# Petzl Tibloc Ascender ?



## beastmaster (Dec 5, 2010)

I've been checking out the Tibloc ascender on line, and was thinking of incorporating it in my Srt climbing system because of its light weight and simplicity(and cheap price).
Its sold as a back-up ascender, but I don't see why it couldn't be used on a daily basis. I foot-lock so it would be replacing a prussic. Any one have any experience with this ascender, or advice, pro or con? Thanks for any input. Beastmaster


----------



## Norwayclimber (Dec 6, 2010)

It causes a lot of wear on your rope, so I wouldn't advice using it on regular basis. (unless of course you want a really fuzzy rope ) 

It's a great for back-up and emergency's, but that's what it is for.


----------



## Damon (Dec 6, 2010)

I own one, i bought it with the same plan you have but it has been relagated to my gear box, there are just so many ascenders that do a better job with much less wear on your rope, I buy all my rope wholesale from yales factory as mill ends and i still wouldnt want to tear it up like the triblock does for the cost, as a back up or in a pinch it is awseome it performs just as it should but a permanent solution it is not IMHO


----------



## beastmaster (Dec 7, 2010)

Hey thanks a lot for the input. That is all the info I need to but that idea on a back shelf. I've been trying out single rope ascending here and there trying to get the hang of it with my current set up(a Vt with a 3 holed pulley)and it seems I can't get the knot to advance easily enough. I also tried it using a split tail and a blakes hitch with a pulley and it was even worse. 
I footlock pretty well even on a single rope (2 to 1) and want to keep the gear down to a minimum so I'm looking for method that doesn't require I take a lot of unnecessary gear up into the tree with me. I am a real believer in KISS.
Any one use a grigri for Srt. It can be used for ascending and descending right? How does one hold up with heavy work day use? Sorry for all the questions. Srt is one of those techniques that sound good on paper but is rather hard to put into practice.(at least for me)
I love my current set-up, but I'm willing to check out 21 century stuff too. Thanks for the feed back. Beastmaster


----------



## Norwayclimber (Dec 7, 2010)

For the time beeing SRT is used mostly for accents. One climbes up on a singlerope and establishes a new TIP with an other rope. The accessline stays as a rescue line.

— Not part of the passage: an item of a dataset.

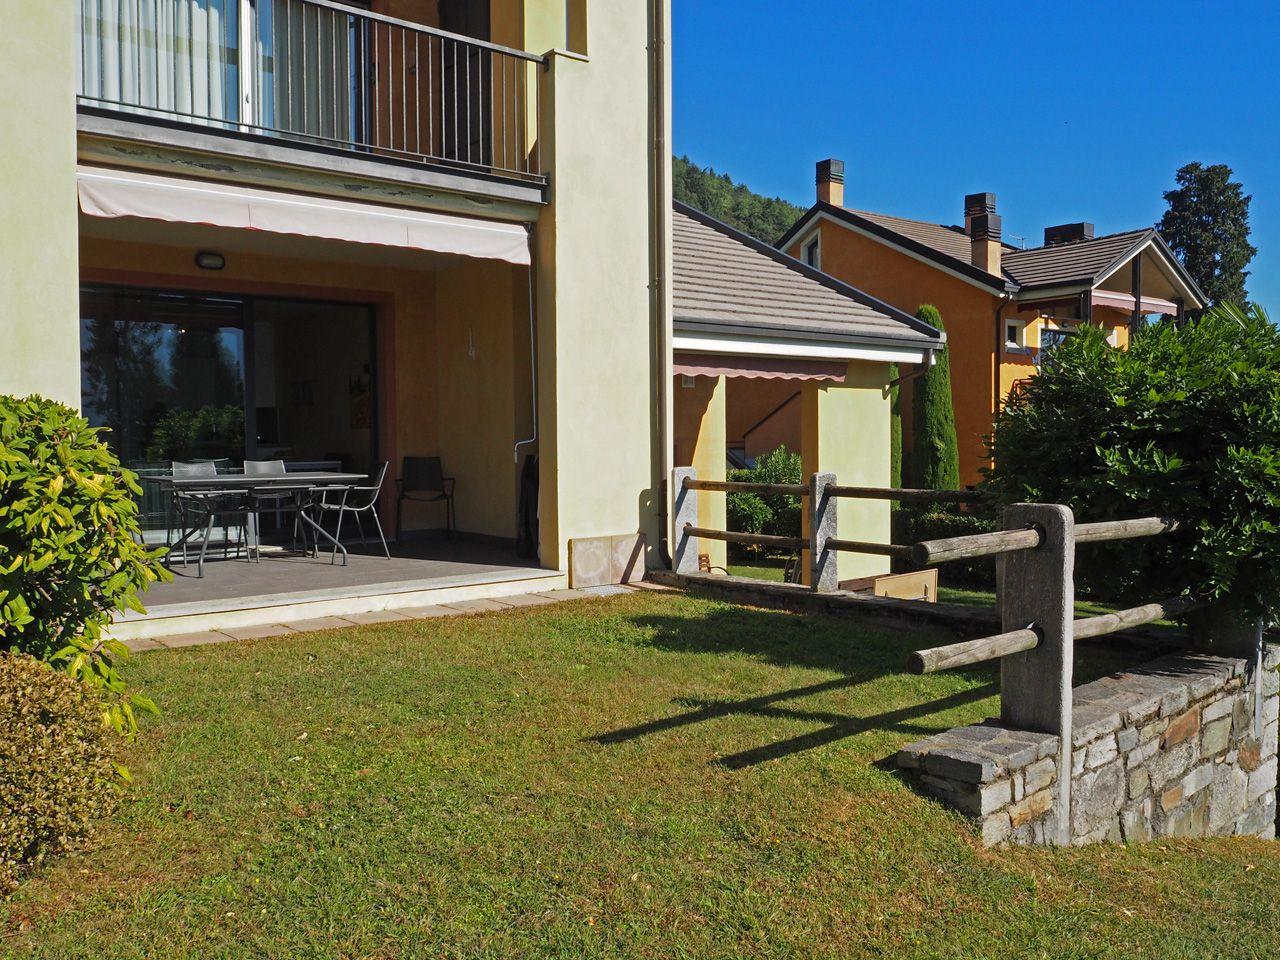 2 Zimmer Wohnung In Ghiffa Mit Seeblick Und Garage Aa2948

There are posibilities for working on a srt line, usually either with a grigri in a RIG setup or with the use of a unicender.


----------



## Damon (Dec 7, 2010)

i climb on a grigri every day, my current on i have already had nearly 3 years without a problem, i only retired my last one because i dropped it onto concrete from about 60ft up


----------



## moss (Dec 7, 2010)

beastmaster said:


> I've been trying out single rope ascending here and there trying to get the hang of it with my current set up(a Vt with a 3 holed pulley)and it seems I can't get the knot to advance easily enough.



Try making a simple over the shoulder bungee harness (use 5 or 6mm diameter bungee), anchor one end middle of the back of your harness, the other end clip into the back of the pulley below your VT with an accessory biner. I just tested this out last weekend on a Petzl Sequoia harness, worked great moving the hitch up hands free SRT.
-AJ


----------



## moss (Dec 7, 2010)

beastmaster said:


> Any one use a grigri for Srt. It can be used for ascending and descending right? How does one hold up with heavy work day use?



Do a search on RADS SRT system either Google or Youtube and you should find what you need to help configure the system.
-AJ


----------